Набравшись из космоса сил, дед Семен, плавно дернувшись, опустил кончики пальцев на кожаное пальто. Людин муж заметно вздрогнул под одеялом. Теперь уже дед Семен казался великим композитором с талантом космического масштаба, а муж – начинающим музыкантом, впервые выносящим свой труд на суд великого маэстро.
То ли в комнате начал меняться свет, то ли на деде Семене каким-то образом отразился цвет бабушкиного платка, но по мере того, как он все глубже погружал пальцы в трещины революционного прошлого, его лицо наливалось темнобордовым. Резким движением отдернув пальцы от пальто, словно то было потрескавшимся крокодилом, дед Семен, раздувая сизо-багровые ноздри, повернулся к бабушке.
– Значит, сузить? – мягко спросил он.
– То есть… су… зить… – запнулась бабушка, на всякий случай снимая платок.
Людин муж глубже вдавился в диван. А сейчас дед Семен был фокусником, взмахнувшим руками и одним мановением заставивший мужа утратить плоть и форму. Во всяком случае, с того места, где Люда стояла, казалось, что под одеялом ничего нет.

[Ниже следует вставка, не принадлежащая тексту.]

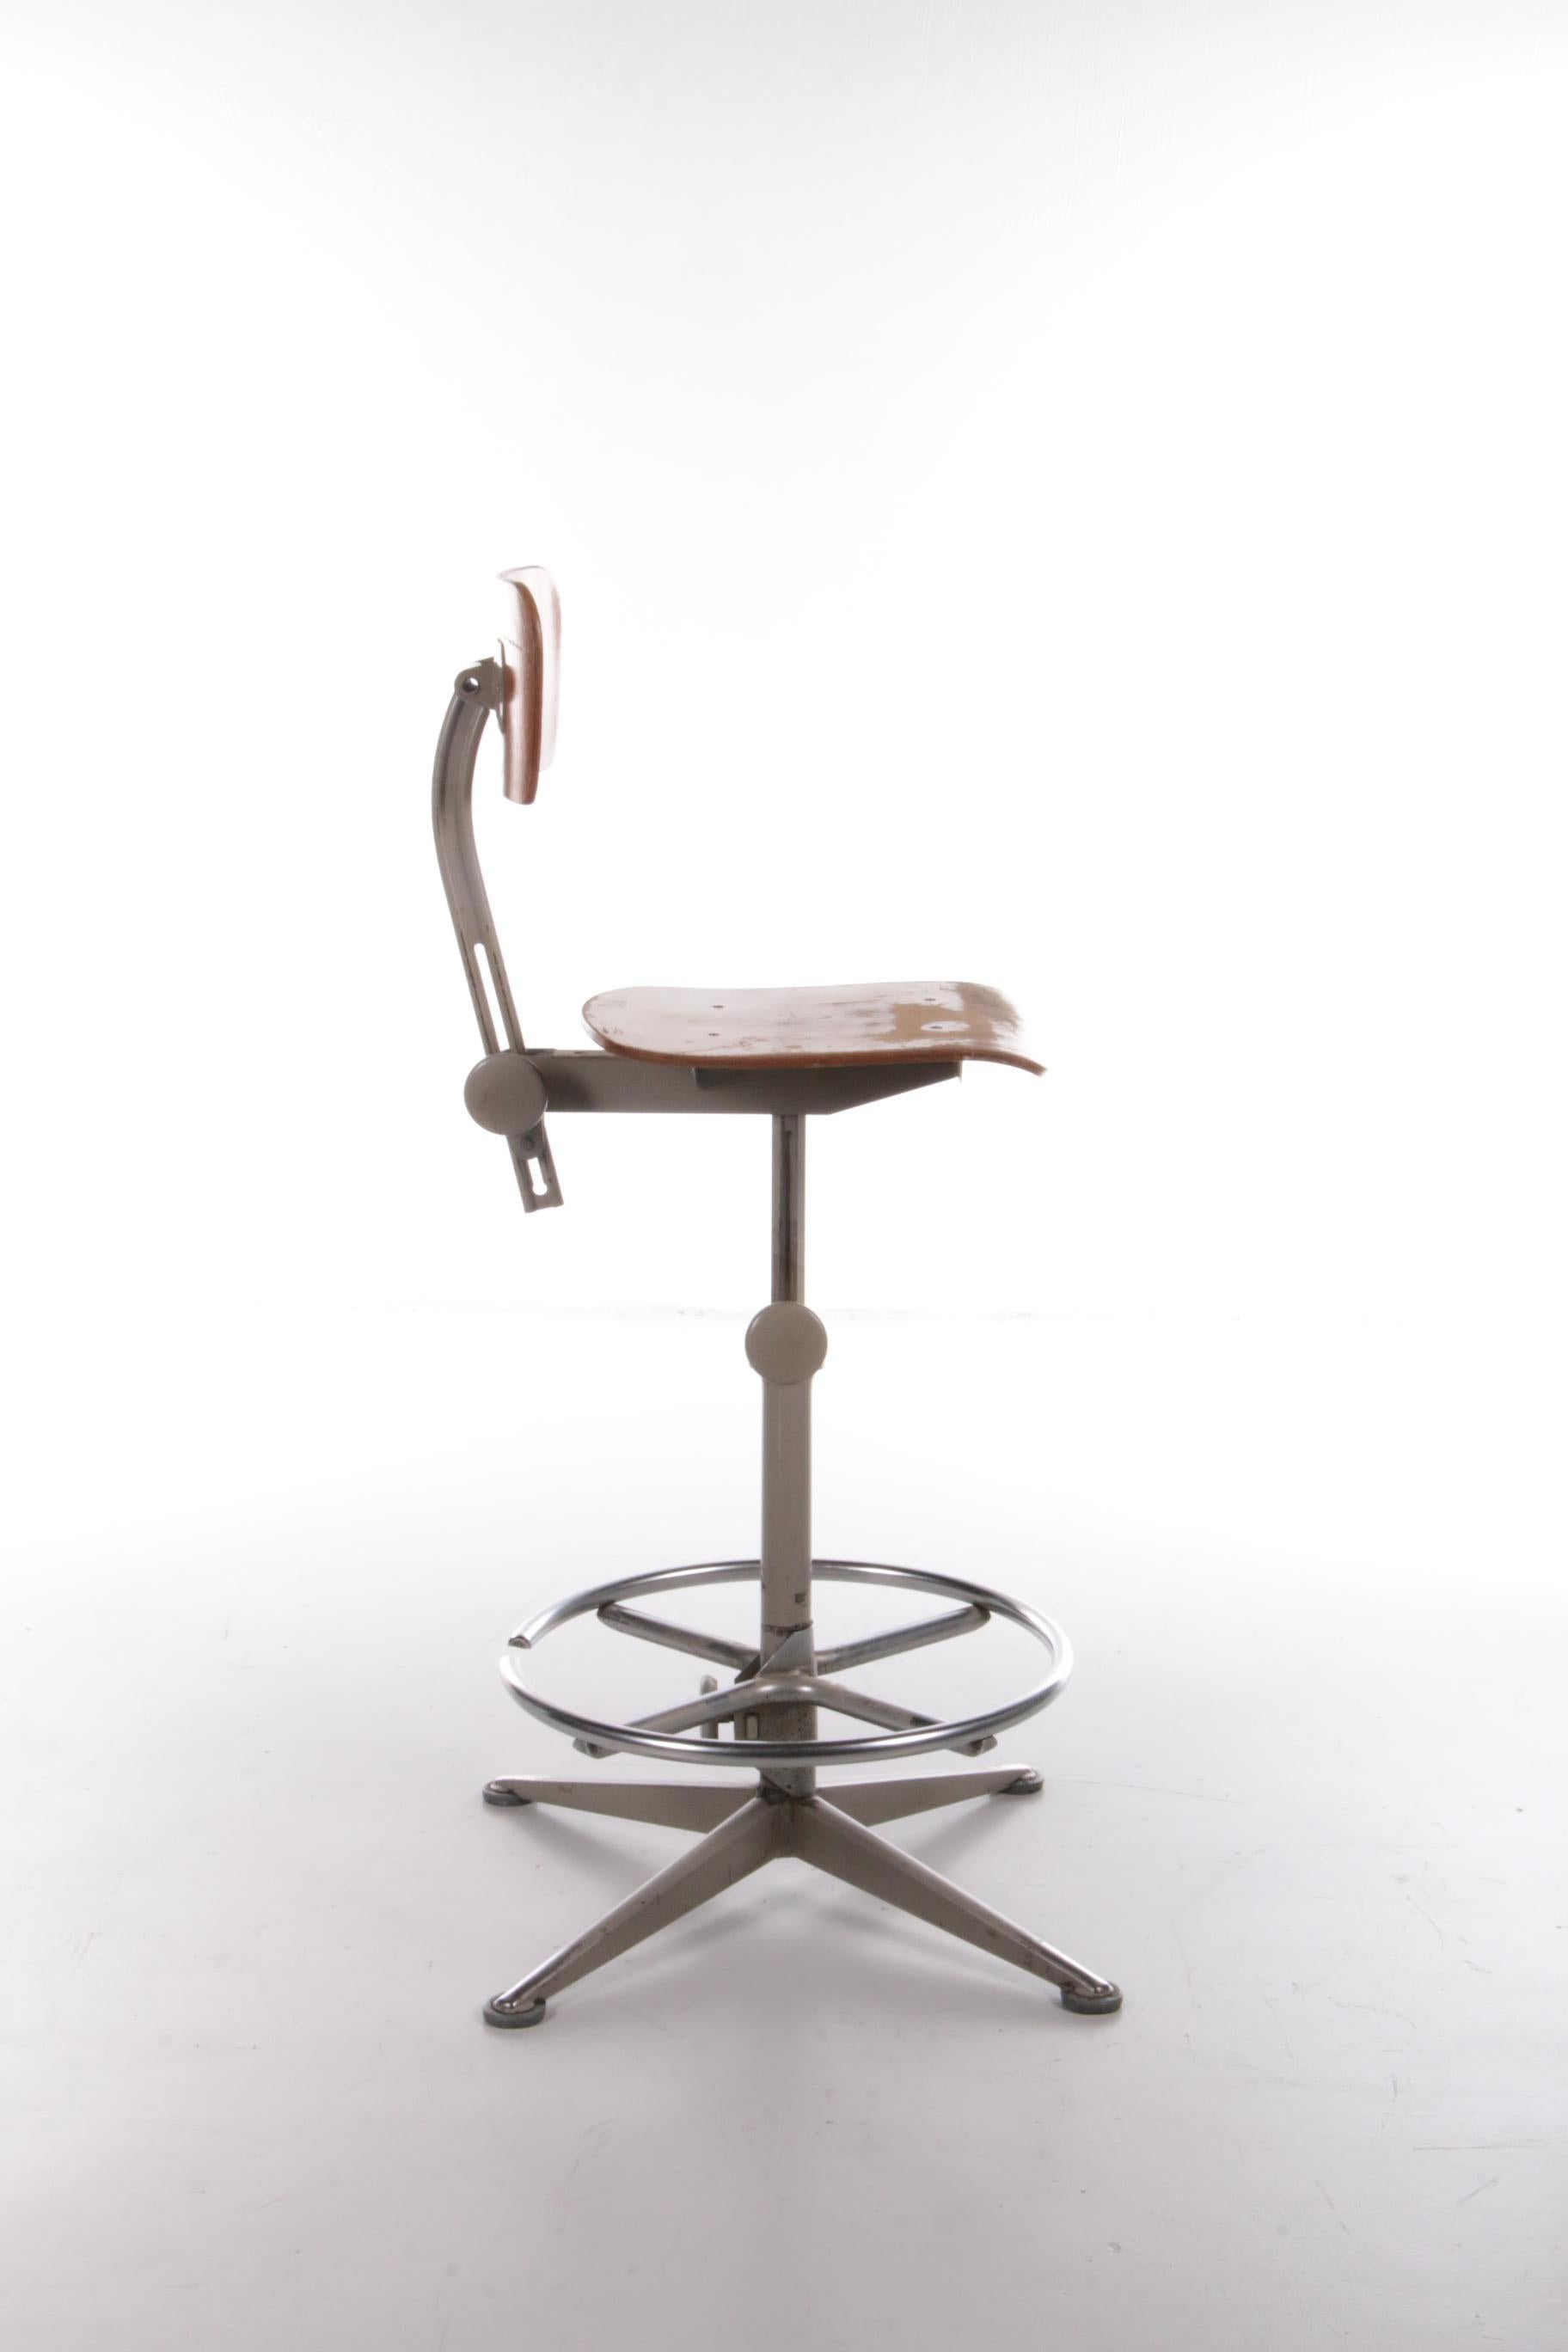 Mid-20th Century Industrial Drawing Table Chair by Friso Kramer for Ahrend, ca 1960

Совершив довольно плавное для своего веса круговое движение бедрами, дед Семен сорвал пальто со стола, бросил его на пол и принялся топтать:
– За октябрь… за Ленина… за Сталина… за все… за все… за все…

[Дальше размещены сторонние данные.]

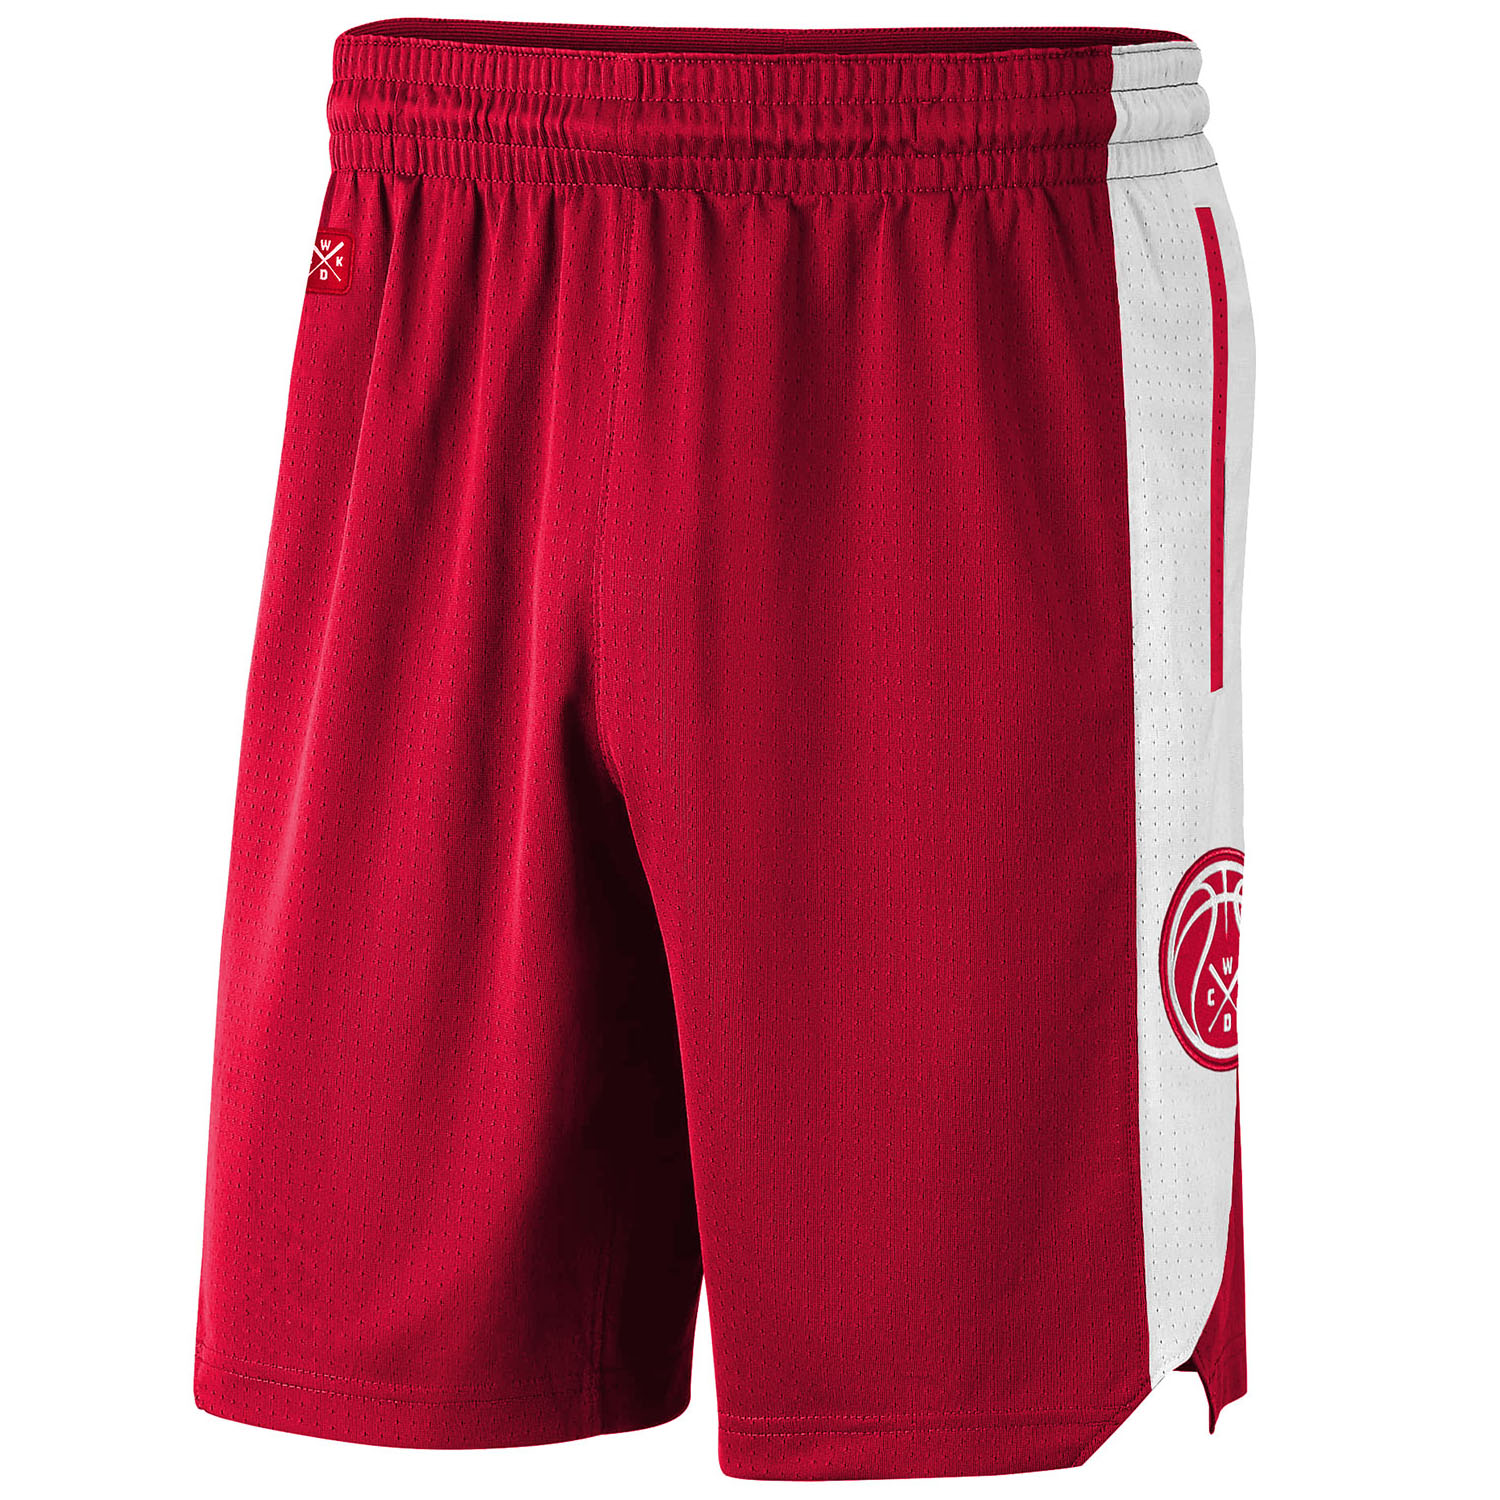 WICKED ONE Fitness Shorts, Playoffs, red-white, M

Бабушка сипела носом. Муж кусал бахрому одеяла. Пальто лежало на полу, словно ящик, из которого на свет божий выскакивали фантомы прошлого и будили в людях кровожадные инстинкты.
Вспотев, дед Семен, громко сопя, подошел к бабушке и незнакомым прежде фальцетом крикнул:
– Я, да будет вам, Варвара Яковлевна, известно – мастер! Мастер, да будет вам известно!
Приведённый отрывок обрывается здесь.